A second method of dividing modes of ventilation is by the mechanism that the
ventilator actually provides support for the patient.
•
Pressure Mode: In this mode, the operator sets the PIP and the machine
determines the volume delivered to the patient based on the patient’s
pulmonary compliance (Compliance = Volume / Pressure). As the
patient’s compliance improves, the tidal volume delivered by the ventilator
per breath will increase; conversely as compliance worsens the tidal
volume delivered decreases. This mode can be used both in AC or SIMV.
The greatest advantage of the pressure mode is that it provides greater
ventilatory support by using a decelerating flow pattern, and for stiff, noncompliant lungs, this is the preferred mode of ventilation.

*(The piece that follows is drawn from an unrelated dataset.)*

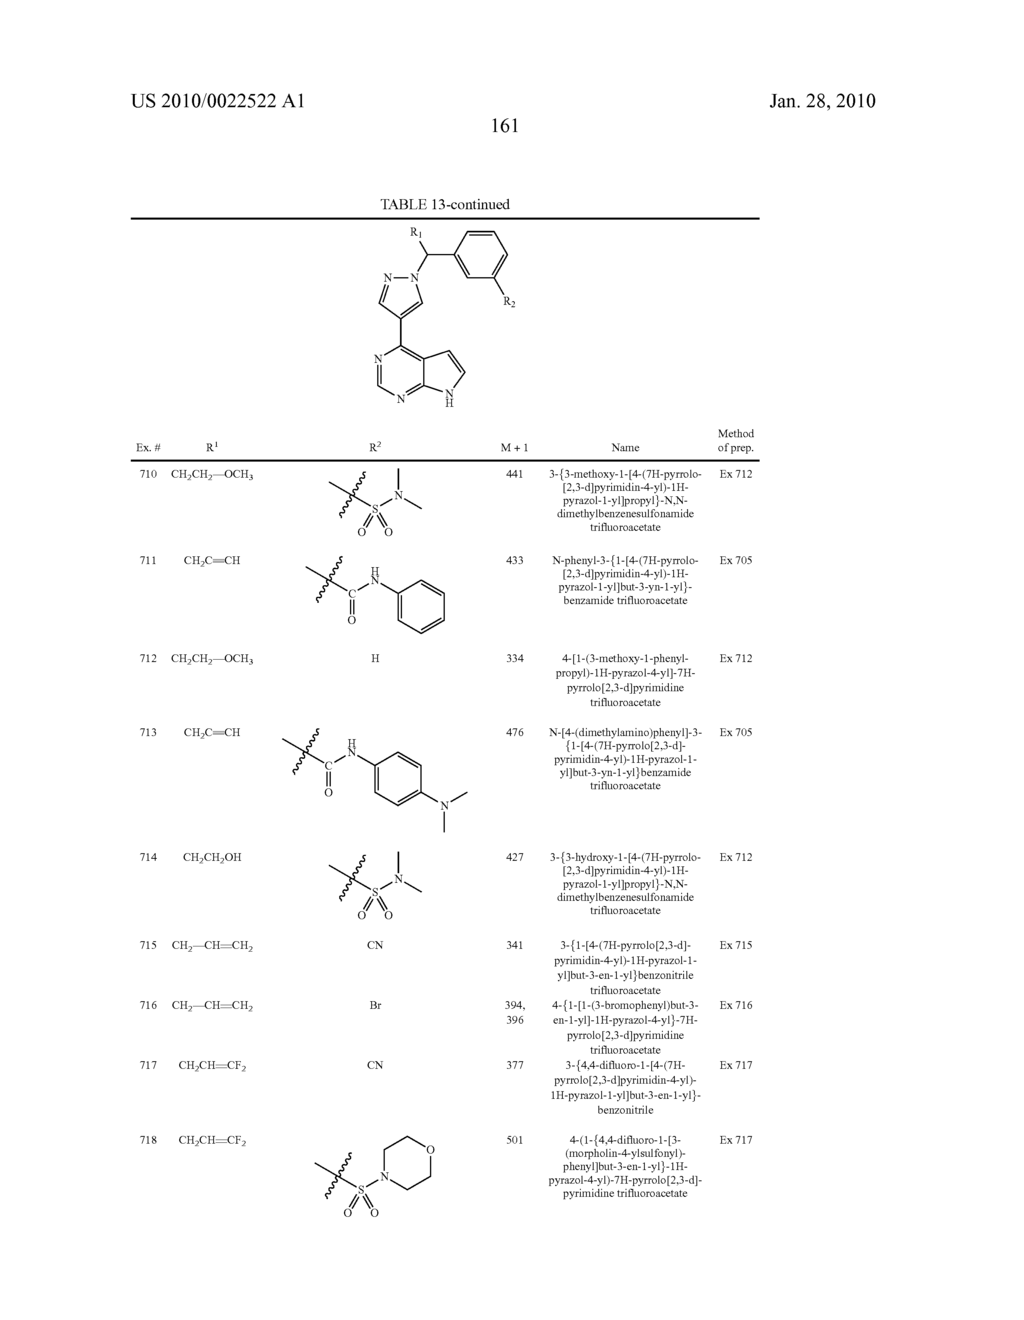 HETEROARYL SUBSTITUTED PYRROLO[2,3-b]PYRIDINES AND PYRROLO[2,3-b]PYRIMIDINES AS JANUS KINASE INHIBITORS - diagram, schematic, and image 162

The
disadvantage is the minute ventilation is not guaranteed.
•
Volume Mode: The operator sets the tidal volume and the ventilator
determines the pressure required based on the pulmonary compliance
(Compliance = Volume / Pressure). As the compliance improves, the PIP
required to deliver the set tidal volume decreases; conversely as the
compliance worsens the PIP required increases. The volume mode can be
used both in AC or SIMV. The advantage of the volume mode is that a
minute volume is guaranteed. The drawbacks are that it cannot be used
in a patient with a large leak around the ETT and it is not optimal for
poorly compliant lungs.
Hypoxia
There are six major causes of poor oxygen delivery to tissues:
• Decreased alveolar PaO2
• Shunts
• Diffusion impairment
• V/Q mismatch
• Hemoglobin abnormalities
• Poor cardiac output
Decreased alveolar PaO2 can occur secondary to poor patient respiratory effort as
seen in over-sedated patients with hypoventilation. It may also occur because of
decreased ambient oxygen as observed at high altitudes (i.e. the top of Mt.
Everest at 29,035ft has an oxygen level 33% of that at sea level due to the
change in barometric pressure from 760 mm Hg to 253 mm Hg.)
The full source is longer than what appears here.